Open bakkot opened 2 months ago

bakkot commented 2 months ago

AsyncIterator.zip([asyncIterator, syncIterable]) should presumably work (once we get Iterator.zip).

for await (let val of [Promise.resolve(0)]) will await the promise, binding 0 to val. I think necessarily that means that AsyncIterator.from([Promise.resolve(0)]) must as well, such that AsyncIterator.from([Promise.resolve(0)]).forEach(console.log) will print 0. This preserves the invariant that async iterables never yield promises.

But for zip, we don't necessarily have to match that behavior, because the results are boxed, not yielded directly, so the invariant is upheld either way. Question, then: should zip await values yielded by sync iterators?

On the one hand, "it promotes to async iterator, and then zips that" is the obvious intuition, which suggests that it should await.

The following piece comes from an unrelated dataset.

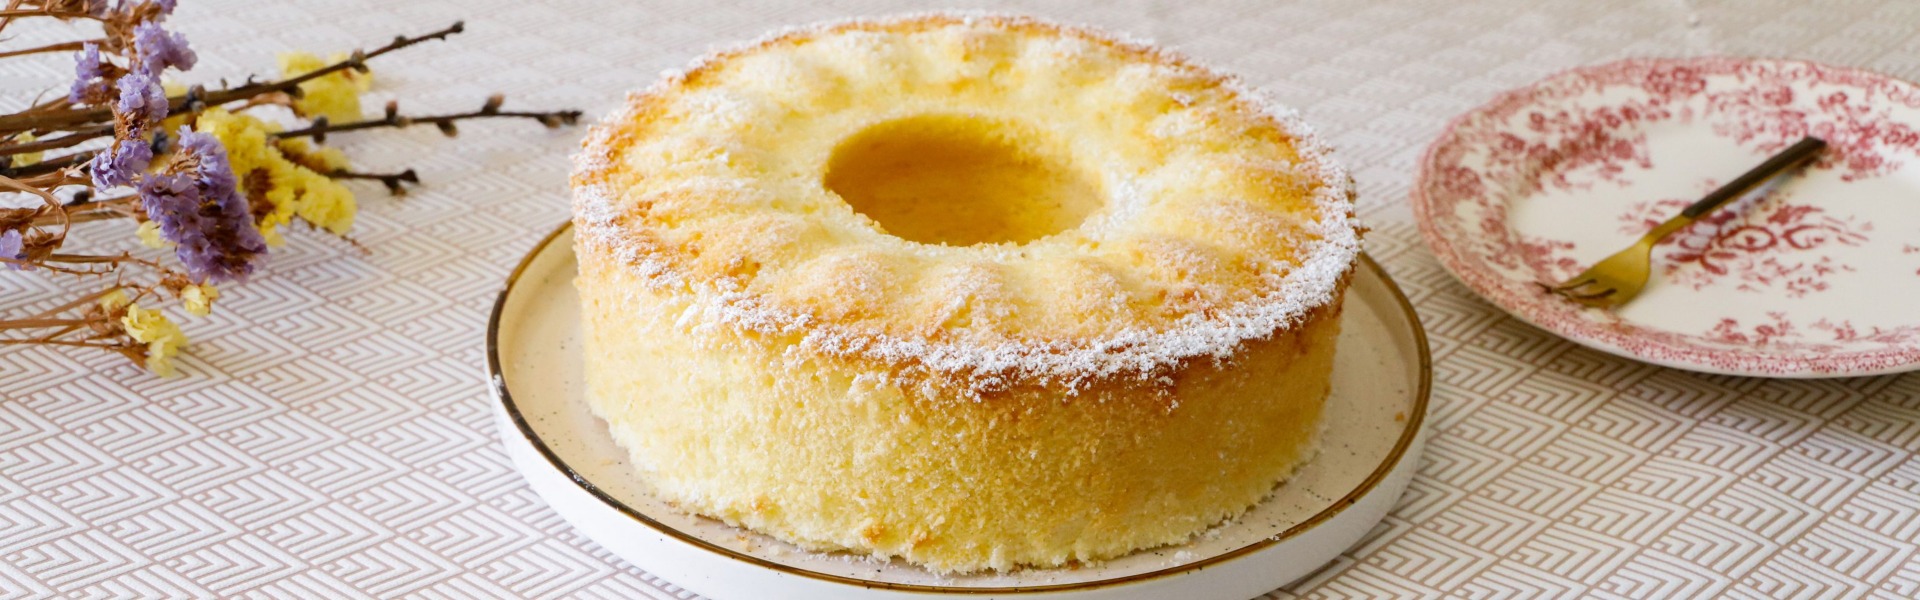 Chiffon cake: la ricetta originale americana per farla alta e soffice

On the other hand, that behavior is very easy to recover if it does not await values from the zipped things (simply do the AsyncIterator.from yourself), whereas recovering the "not await" behavior is pretty annoying if it does await them.

Thoughts? @michaelficarra expressed a preference for not awaiting.

conartist6 commented 2 months ago

Strong preference for awaiting

bakkot commented 2 months ago

@conartist6 say more about why?

conartist6 commented 2 months ago

In my mind the arguments to zip are async iterators. Zip is defined to return one item from each async input iterator.

I think I would favor not awaiting if async iterators themselves weren't defined to await on both step and step.value, but they are, and they are defined to do so when coercing sync iterators which contain promises to be used as async iterators.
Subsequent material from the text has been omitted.